• _WORK ITEM_
Could you print exactly the lines from the one that contains "Nu-pieds PONS QUINTANA 7666 cuir Femme Rouge" to the end of the data, both ends included, and nothing else? Skip the pictures.

• _SUPPLIED DATA_
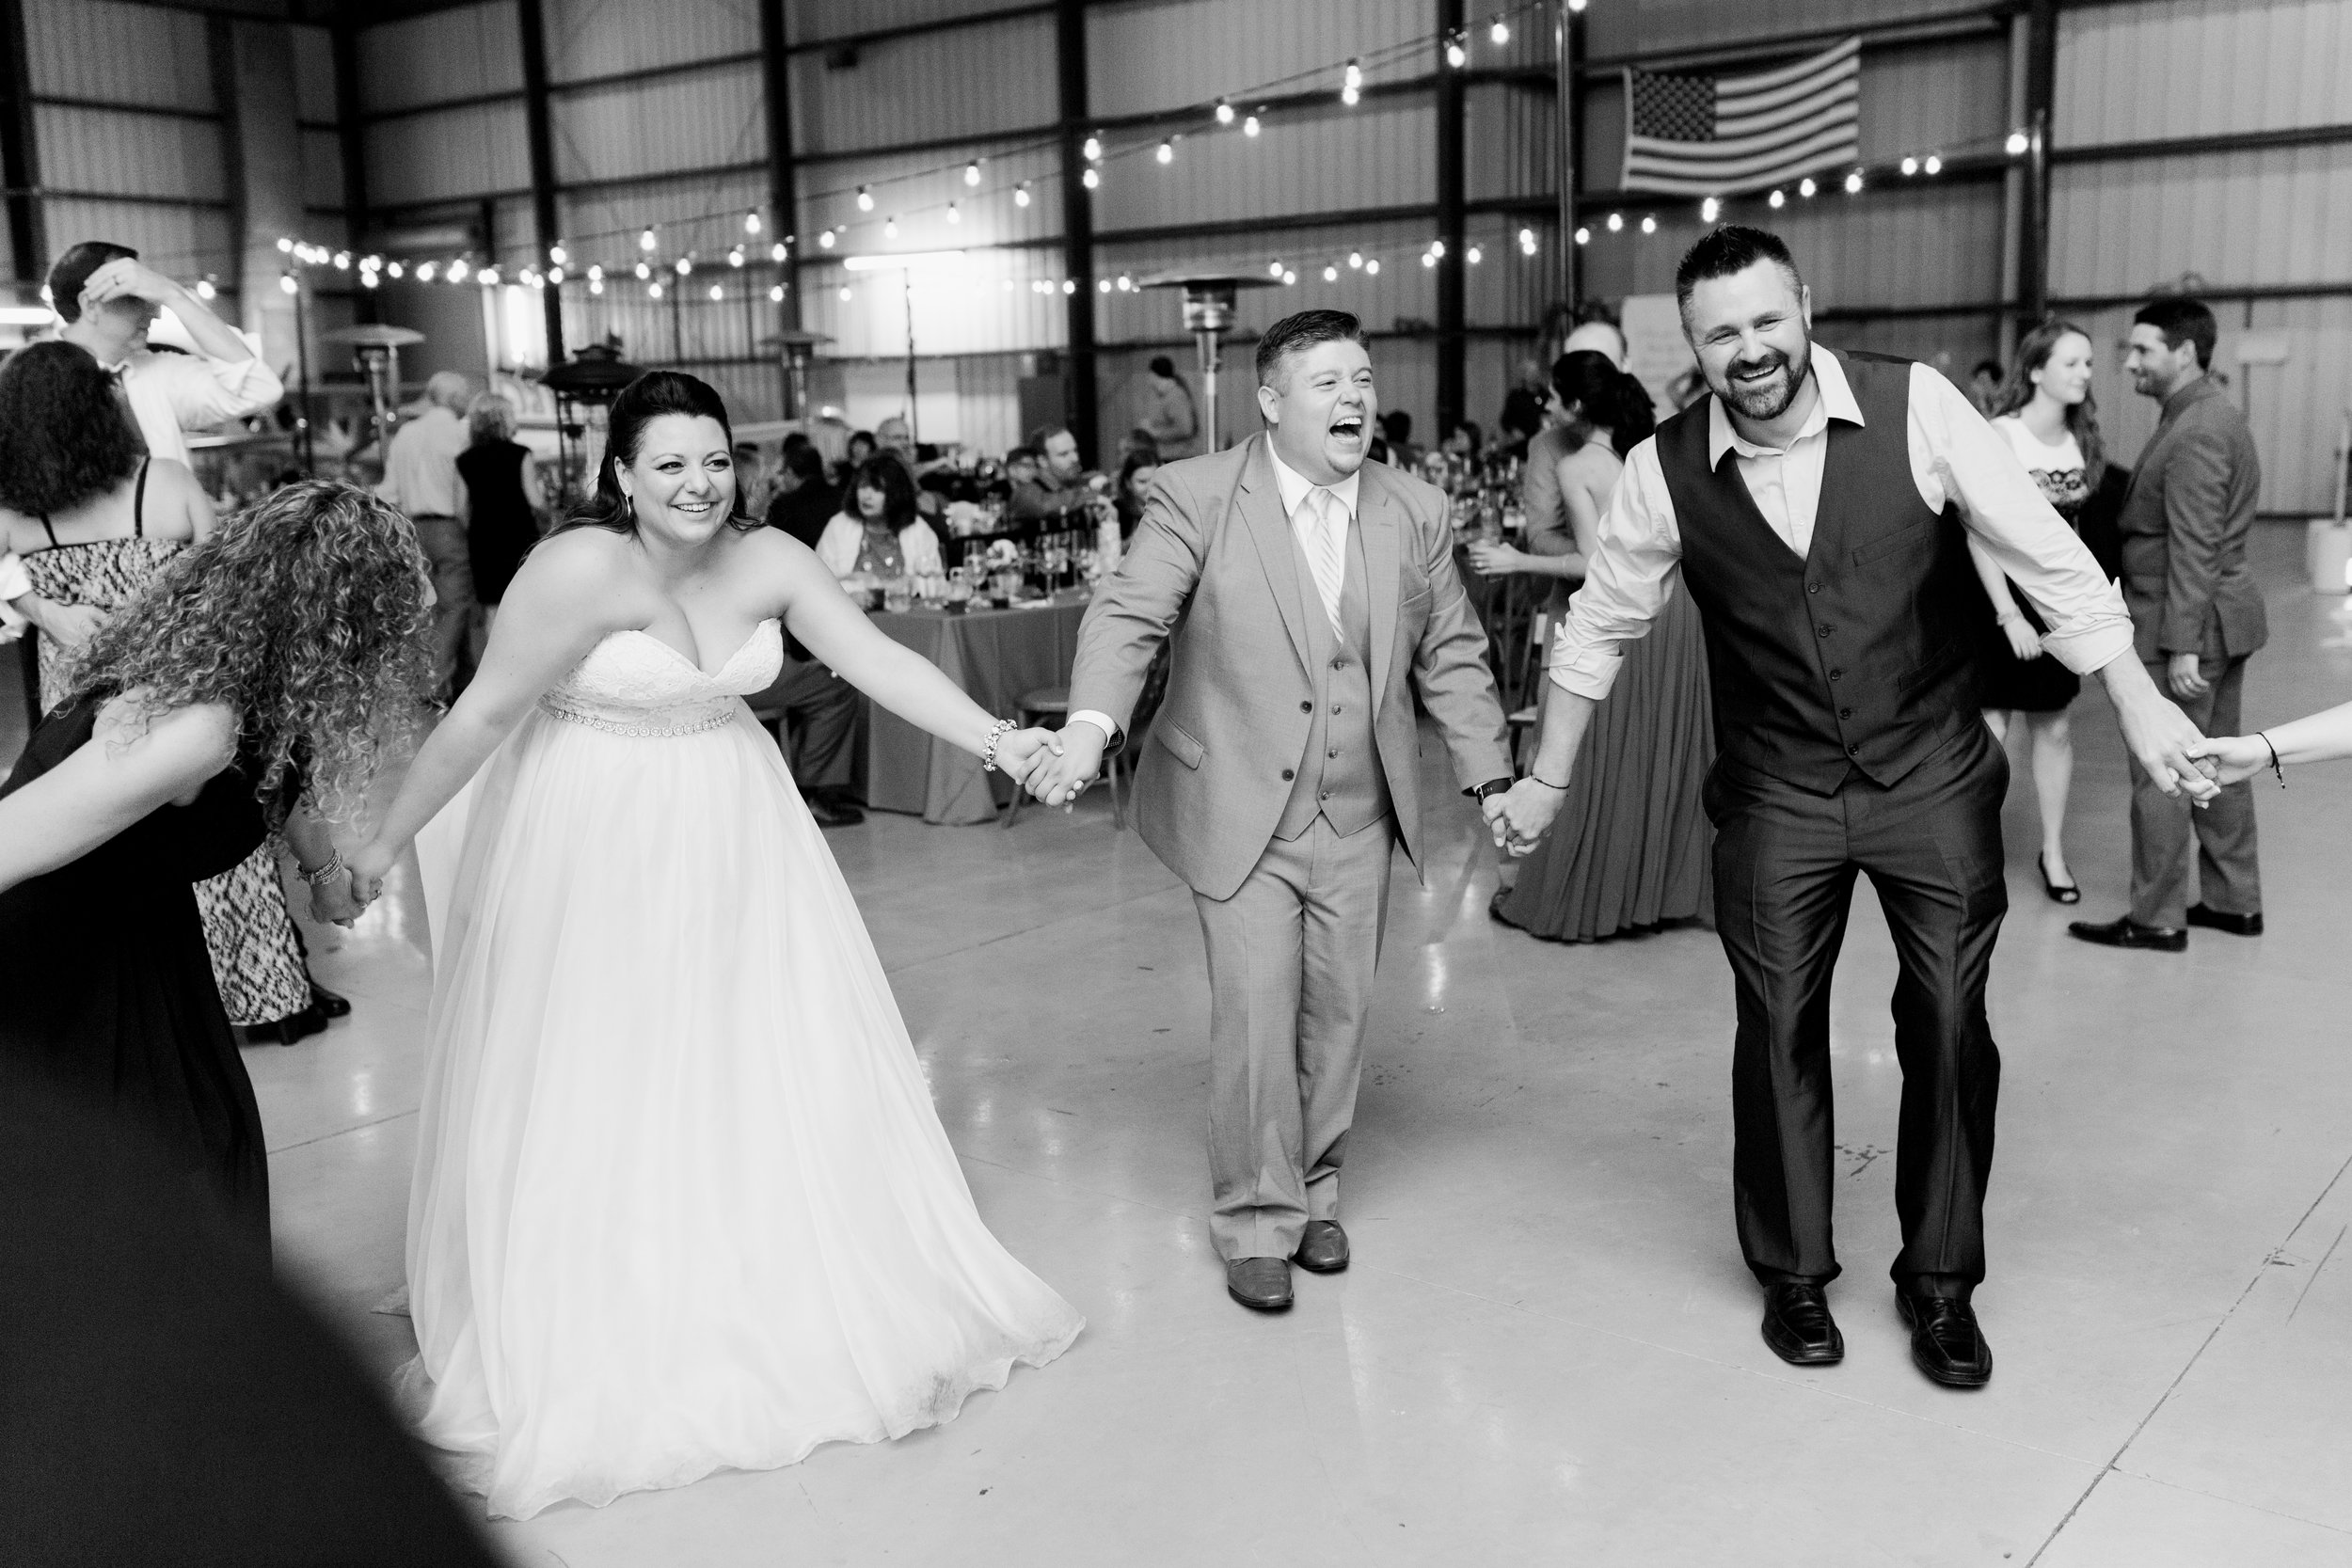 airport-hanger-wedding-at-attitude-aviation-in-livermore-132.jpg
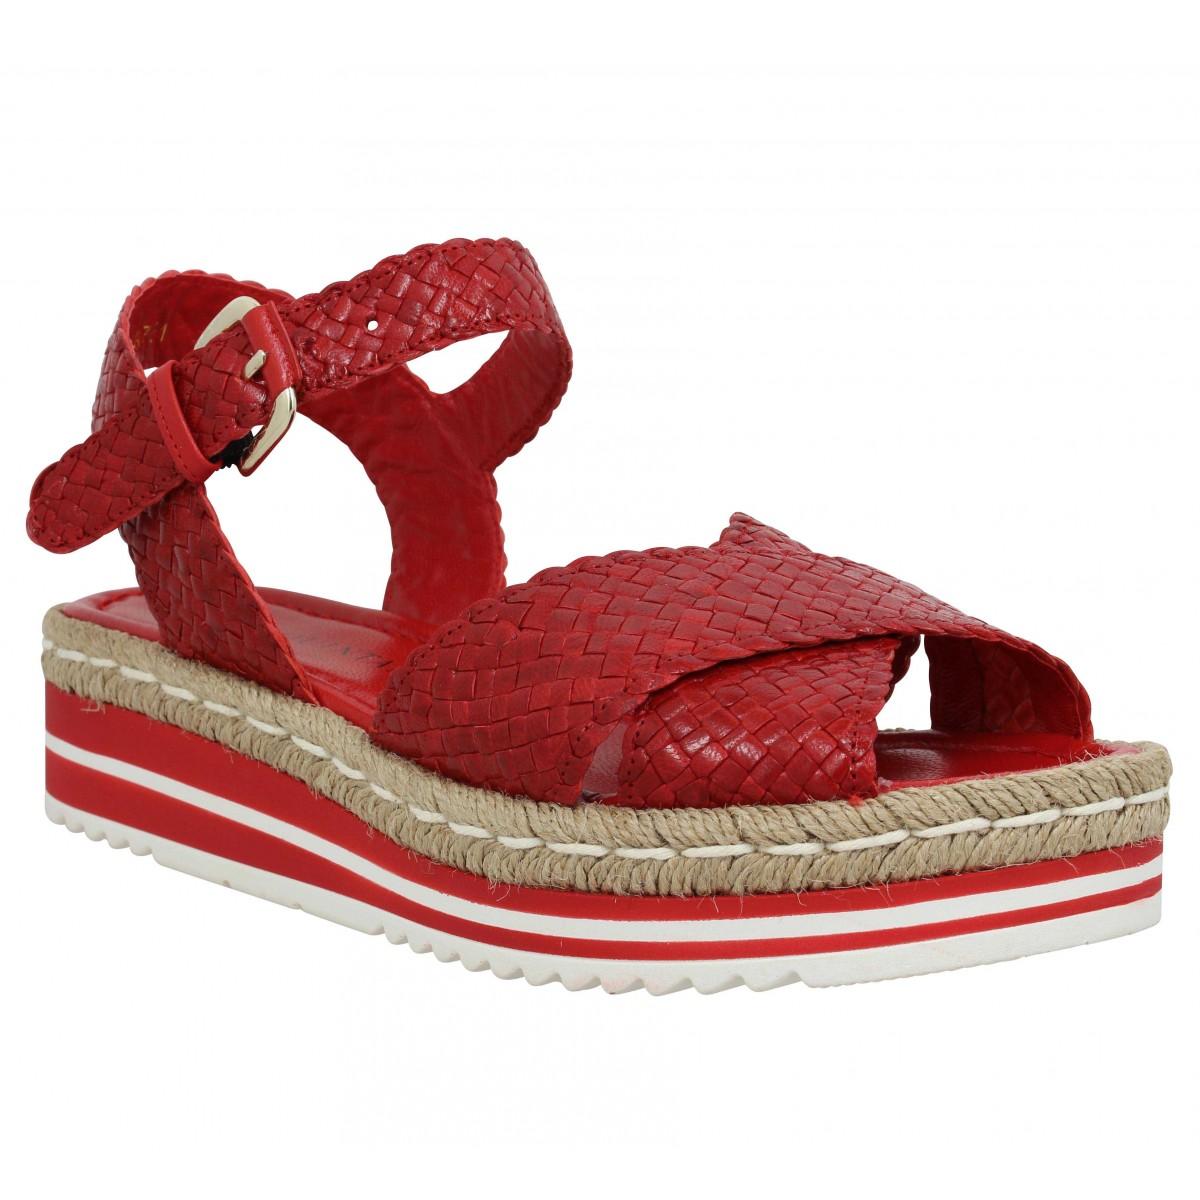 Nu-pieds PONS QUINTANA 7666 cuir Femme Rouge
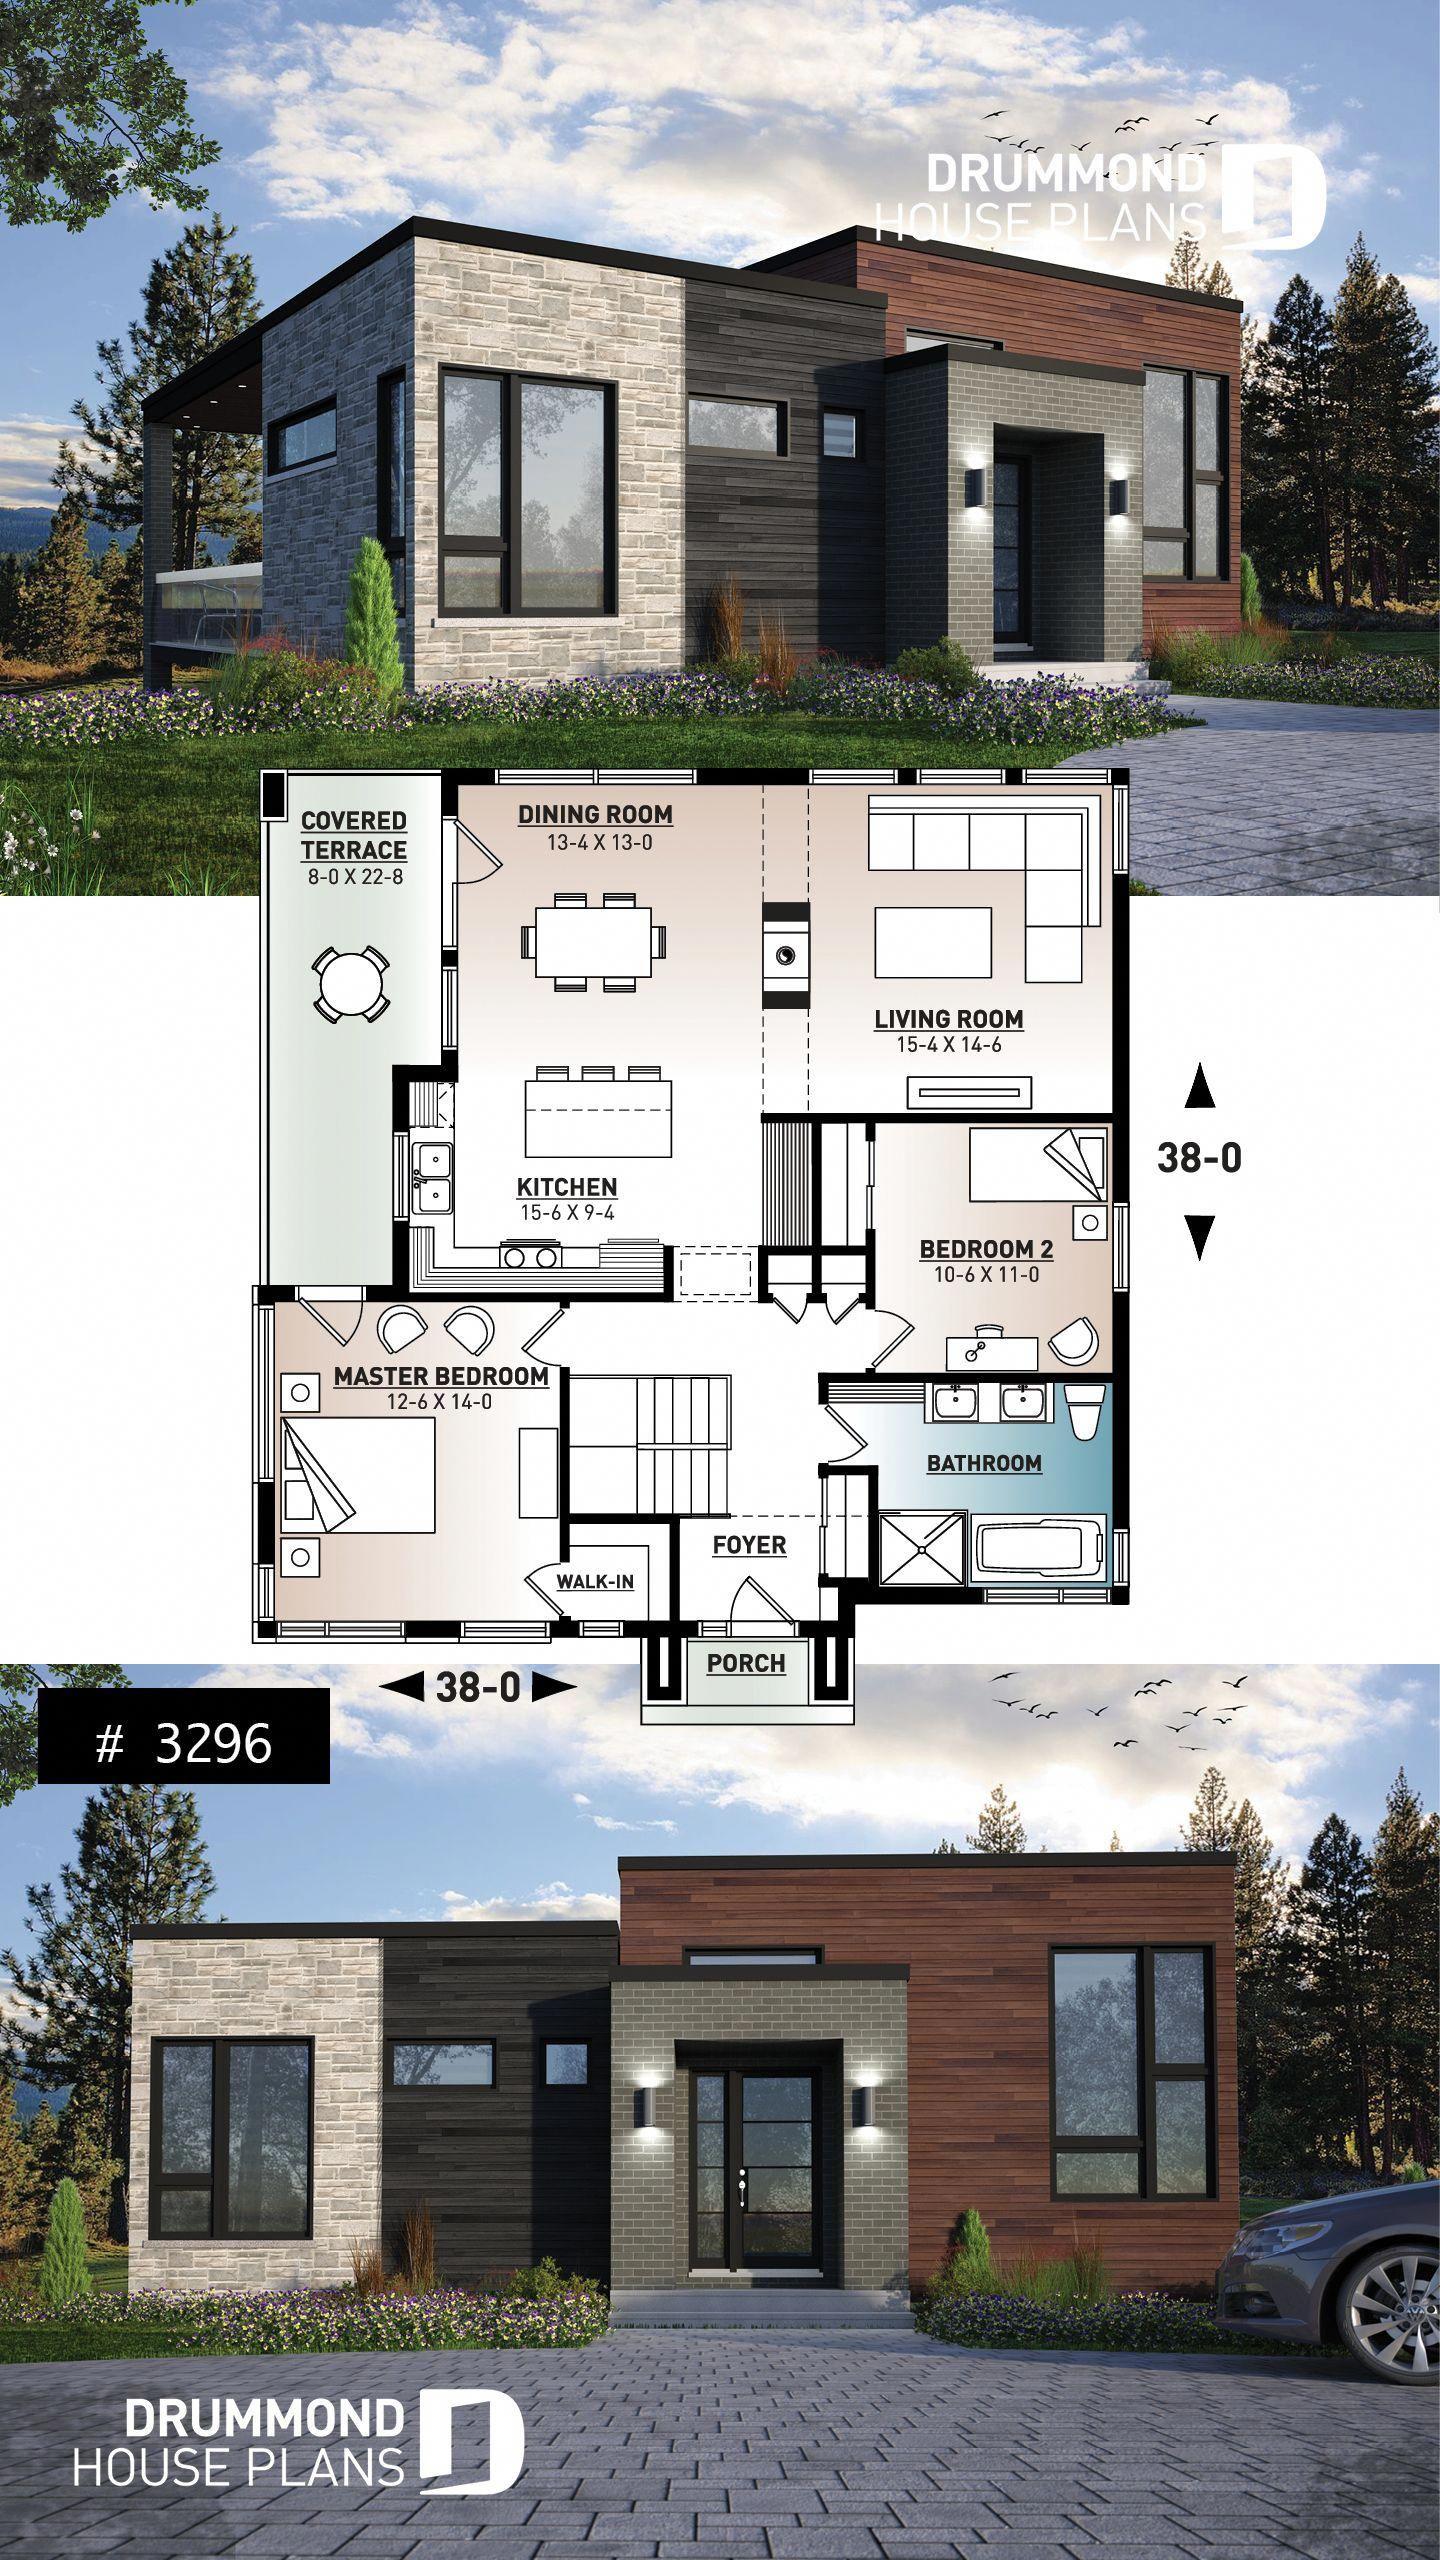 Dream House Ideas Dreamhouses Contemporary House Plans Modern House Floor Plans Basement House Plans

• _RESPONSE TO THE TASK_
 Nu-pieds PONS QUINTANA 7666 cuir Femme Rouge
 Dream House Ideas Dreamhouses Contemporary House Plans Modern House Floor Plans Basement House Plans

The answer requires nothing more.